Concerns about Chinese spies led a number of DPP legislators to shoot down a plan from the Mainland Affairs Council that would have made it easier for Hongkongers to obtain permanent residency in Taiwan in May of last year. Some of the DPP legislators critical of the plan seemed unaware that there were already pathways for Hongkongers to obtain permanent residency in Taiwan.
Taiwan has historically been unfriendly to refugees, with refugees commonly associated with the KMT’s fleeing to Taiwan after the Chinese Civil War–and the decades of oppression that followed. Likewise, there may be the substrate of fear about economic competition from Hongkongers to some of the criticisms, in spite of much rhetoric from Taiwan about attracting foreign talent.

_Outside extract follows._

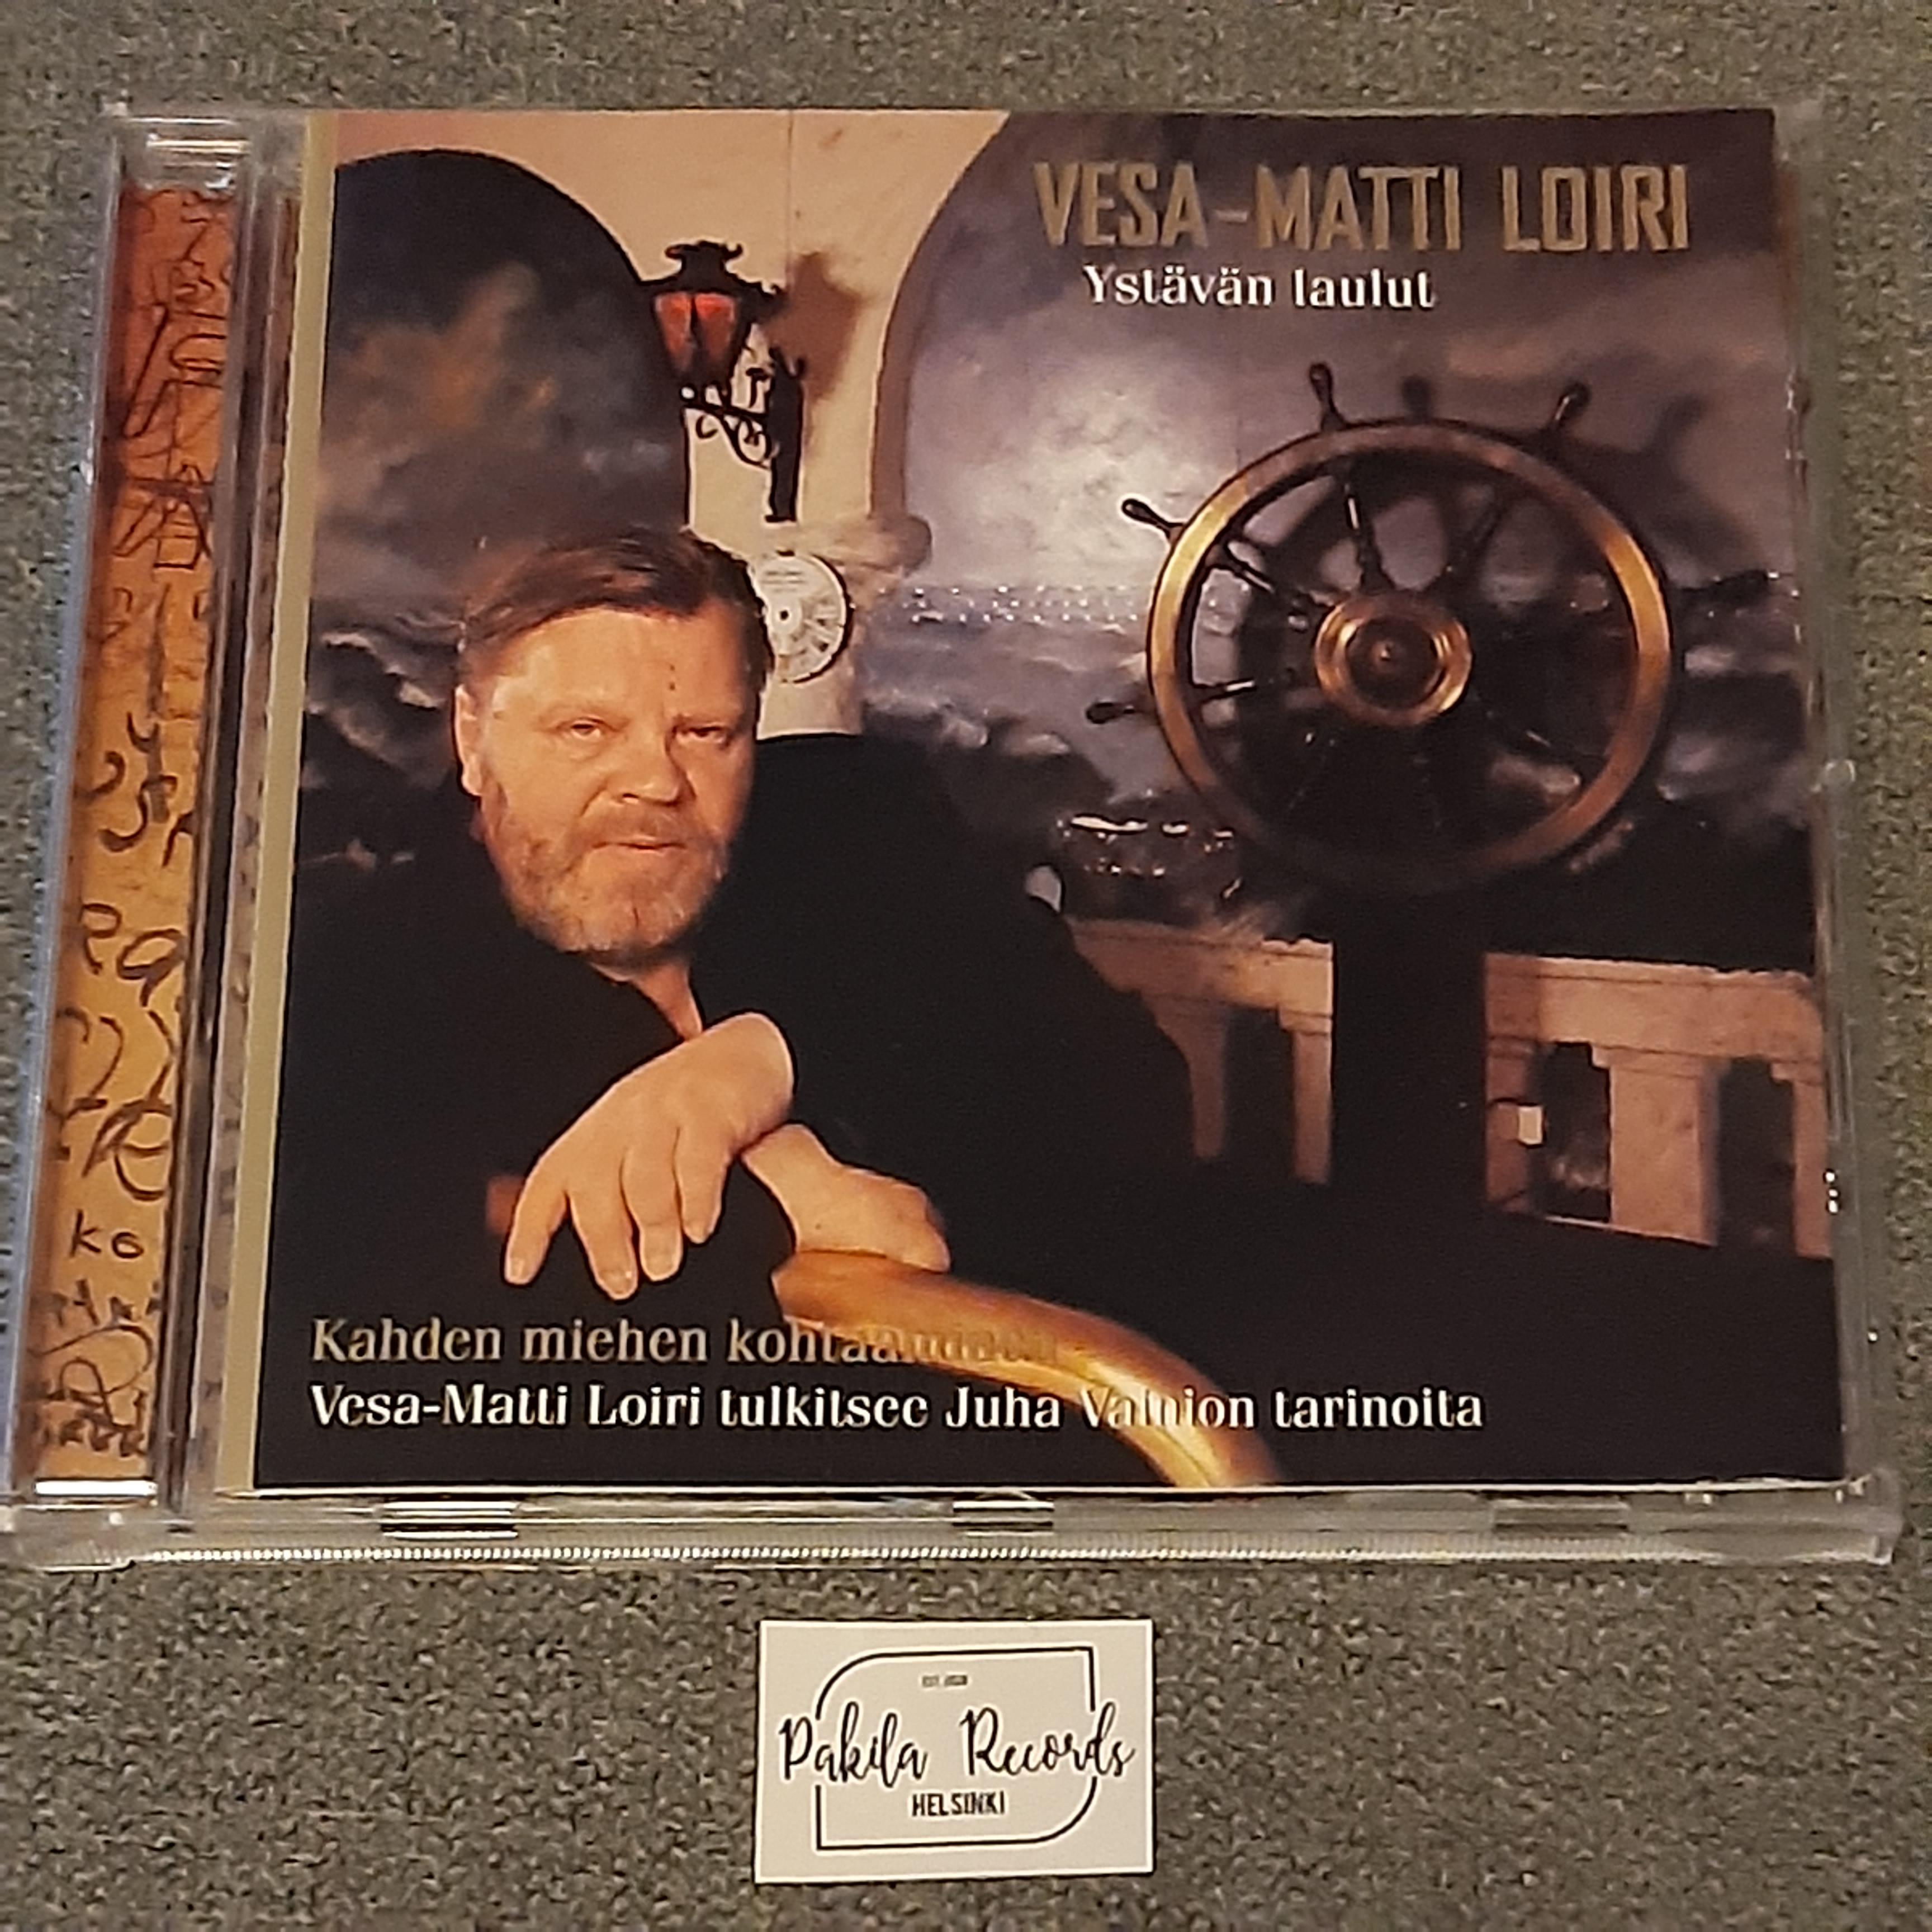 Vesa-Matti Loiri - Ystävän laulut - CD (käytetty)

It is unlikely that the regulations would actually be put into effect by the NIA, particularly as they are likely to be unconstitutional. Yet this fits with the broader pattern of behavior by law enforcement and government bodies regulating immigration in Taiwan in which unconstitutional regulations restricting basic rights are issued, and then retracted after backlash. One saw this after restrictions from the Ministry of Transportation and Communications (MOTC) that would have required migrant workers to have the permission of their employers to apply for license plates for electric bikes–restricting freedom of transportation and property purchase rights for specific racial demographics in Taiwan of southeast Asian migrant workers. These regulations were also later walked back after criticisms.